Nearly half of all workers suffer from moderate to severe stress while on the job, according to a survey. And 66% of employees report that they have difficulty focusing on tasks at work because of stress. Stress has been called the "health epidemic of the 21st century" by the World Health Organization and is estimated to cost American businesses up to $300 billion a year.
But there are ways to reduce its impact on human lives and companies' bottom line, even though stress is a daunting, pervasive problem, experts say. A recent survey of 2,500 employees by ComPsych, a provider of employee assistance programs (EAPs), underscores the dimensions of the problem.
In addition to reporting difficulties with focusing on tasks at work, employees also said that stress was responsible for errors and/or missed deadlines (21%), trouble getting along with co-workers/superiors (15.5%), missed days (14.9%), and lateness (14.4%). [See related article: The Top 10 Most and Least Stressful Jobs]
Rising costs of behavior disability claims
Due in part to the prevalence of stress in today's workplace, behavioral disability costs have increased more than 300% in the past decade and account for 30% of all disability claims. In addition, medical doctors suggest that stress is the causative factor of illness underlying more than 70% of all visits to the family doctor.
High levels of unemployment and job uncertainty remain; organizations are focused on driving productivity with a smaller workforce, and structural changes in the overall economy continue to affect workers across the globe.
But employers do have tools they can leverage to address workplace stress, experts say. Employee assistance programs that include work-life services are proven to help reduce employee stress, decrease absenteeism and turnover, and improve productivity. In addition, research has shown that EAPs have been shown to directly impact disability claims.
"Unchecked stress can result in a number of productivity-sapping outcomes, from diminished work quality to absenteeism to co-worker clashes," said Dr. Richard A. Chaifetz, chairman and CEO of ComPsych.
"Organizations looking to compete in a volatile marketplace are proactively addressing stress — this can enhance employee well-being and therefore engagement. Leveraging the employee assistance program is an important step in dealing with workplace stress. A comprehensive EAP not only provides individual counseling but organizational consulting on change management, team building, and interpersonal skill development."
Tips to relieve work stress and improve health
The American Psychological Association recommends that workers should track their stressors for at least a week.
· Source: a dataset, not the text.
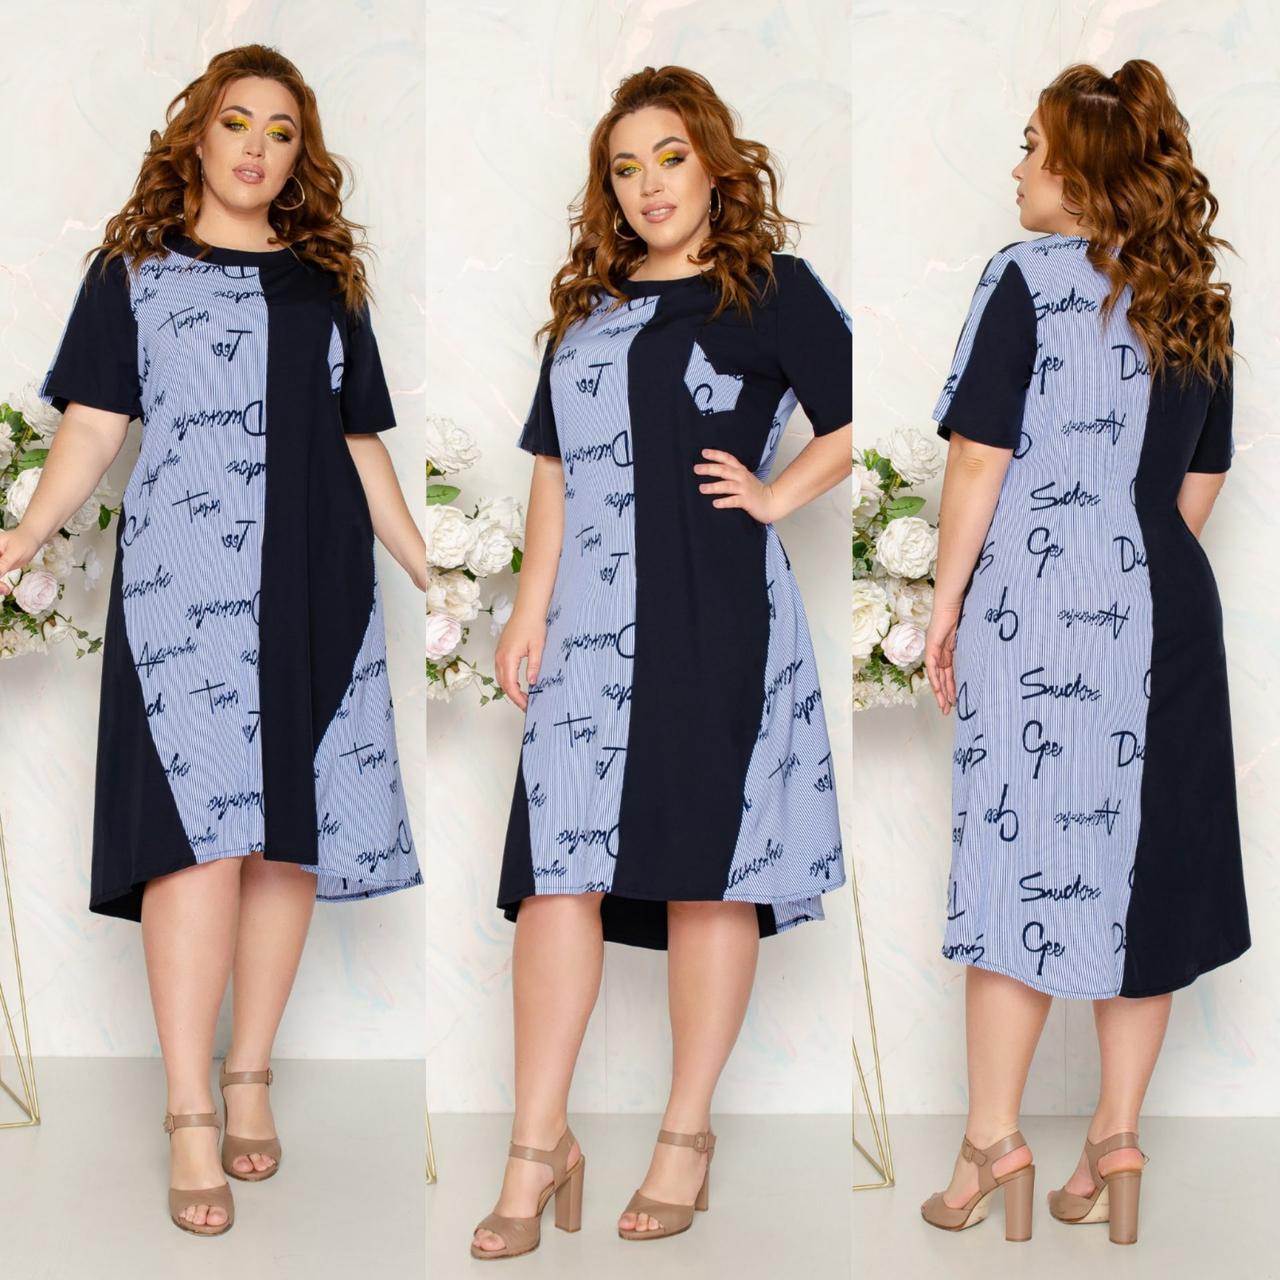 Платье летнее оригинального кроя из разных принтов ткани, полукруглый низ, р.52,54,56,58 118Й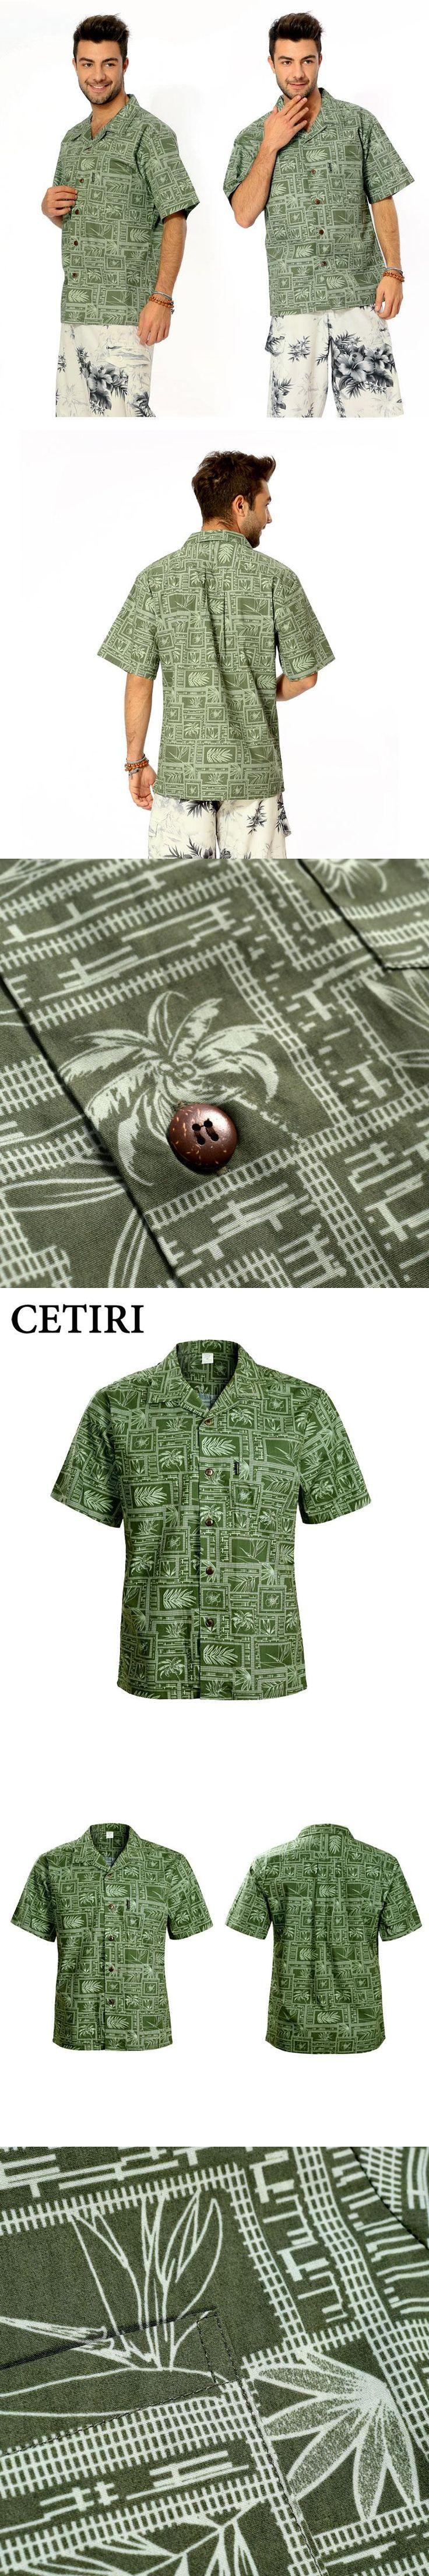 Brand Beach Shirt Men's Hawaiian Shirt Green Cotton Plus Size Fancy Dress Shirts For Men Chemise Homme Camisa Palmeiras Overhemd

In a journal, write down situations where you felt your stress level increase. Record the circumstances of the incident. Where were you? Who were you with? How did you respond to the situation? Did you raise your voice? Did you retreat from the situation? Knowing what got you stressed as well as your reactions will assist in deciding how to best handle these situations in the future.
Develop a support system to alleviate stress at work. Connect with colleagues as a way to help keep stress levels under control. When you’re feeling overwhelmed, find a trusted member within your workplace to talk things through. Remember to remain supportive in turn when a coworker is feeling stressed and needs help. If you feel as though there is no one you can lean on at work, focus on building new friendships with coworkers. You could also have a strong support system outside of the office. Talk to friends and family members about what is bothering you at work. Outside influences can sometimes give you much-needed perspective on the situation.
Remember to stay healthy to improve stress levels. Your food choices and exercise habits have a large impact on how you feel throughout the day. A common problem is that stressed individuals turn to "comfort" food such as sweets and fried dishes to alleviate stress. These foods actually cause blood sugar levels to crash and your mood is likely to worsen. Instead, eat a well-rounded diet made up of mostly lean proteins, vegetables, fruits, and healthy fats. Avoid caffeine, nicotine, and alcohol since these substances are detrimental to your mental health. Aim for at least 30 minutes of exercise each day to boost your mood.
Time and task management are vital to keeping work stress at bay. If you're overtaxing yourself, burnout is bound to happen. Aim to always keep a healthy work and family life balance. When feeling tired or overwhelmed at work, take a break and go for a short walk. Eat lunch away from your desk each day to give yourself a mental vacation. Remember to prioritize the most important work tasks and delegate responsibilities when it’s plausible.